Perusing statistics on the city’s biggest commercial property deals is like going to the Empire State Building’s observation deck with tourist friends from out of town: You know it’s supposed to mean something, but New York can be so much cooler.
The statistics underline just how far New York’s property sales market has fallen, and not just since Lehman Brothers’ September 2008 collapse. The biggest deal in the first quarter of 2009 was CB Richard Ellis Investors’ $355 million buy of 1540 Broadway’s office condos. The biggest of the same quarter last year was Altria’s sale of its 120 Park headquarters to Eyal Ofer’s Global Holdings for $525 million.
Neither are anything close to the gargantuan billion-dollar deals of the boom. When will those return, if ever?
“There’s so much capital on the sidelines!” That’s the de facto mantra now among the city’s commercial sales brokers, with the idea being that more deals like 1540 Broadway will encourage further capital investment.
But that deal’s now over two months in the market’s rearview mirror, and another one of similar scope has yet to appear. It’s fear; it’s here; get used to it.

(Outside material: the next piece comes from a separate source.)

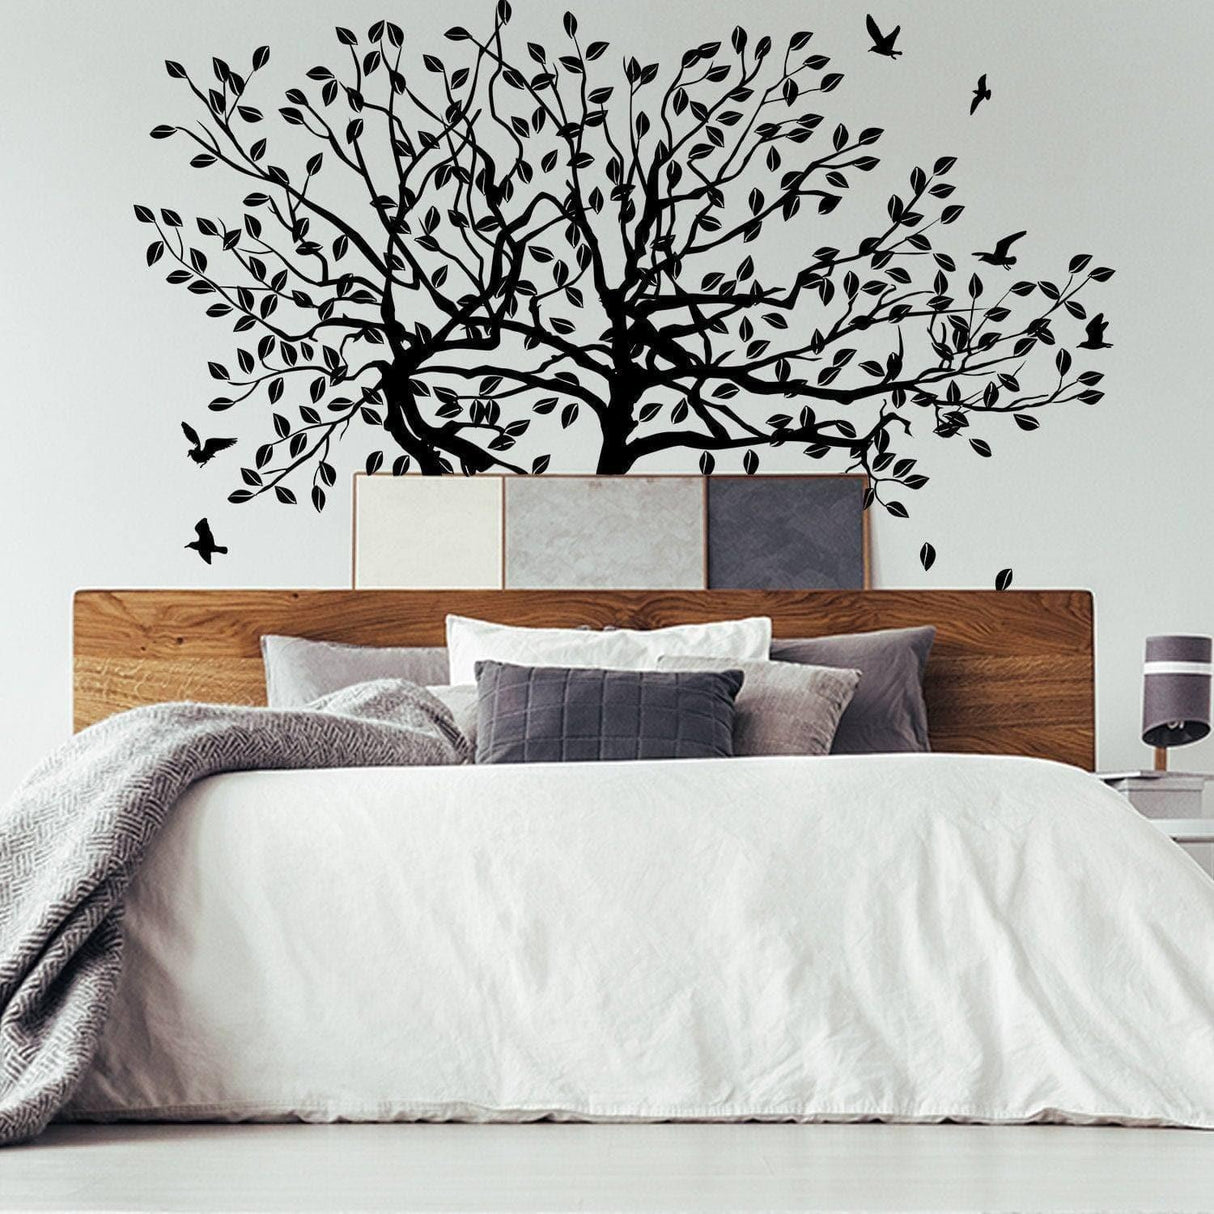 Tree Wall Decal Sticker - Birch Art Vinyl Nursery Stickers - Nature Botanical Trees Decals - Forest Decor Natural Big Leaf Peel And Stick - Decords

After 1540 Broadway, the biggest commercial deal of ’09 so far was Sotheby’s auction house buying back from Aby Rosen’s RFR Holding its old headquarters at 501 East 71st Street for $135 million, plus assumption of the mortgage.
After that, the drop-off becomes steeper and more illustrative of New York in the Great Recession: the 122 East 58th Street sale for $28.5 million; 482 Seventh Avenue for $20.3 million; a vacant lot at 122 East 32nd Street for $15.8 million.
In the first quarter of 2008, the top 10 New York commercial property trades amounted to $1.639 billion. In the first quarter of 2009, the top 10 came to less than half that amount—a sizable chunk, by any individual market’s standards. But by New York’s? Not cool at all.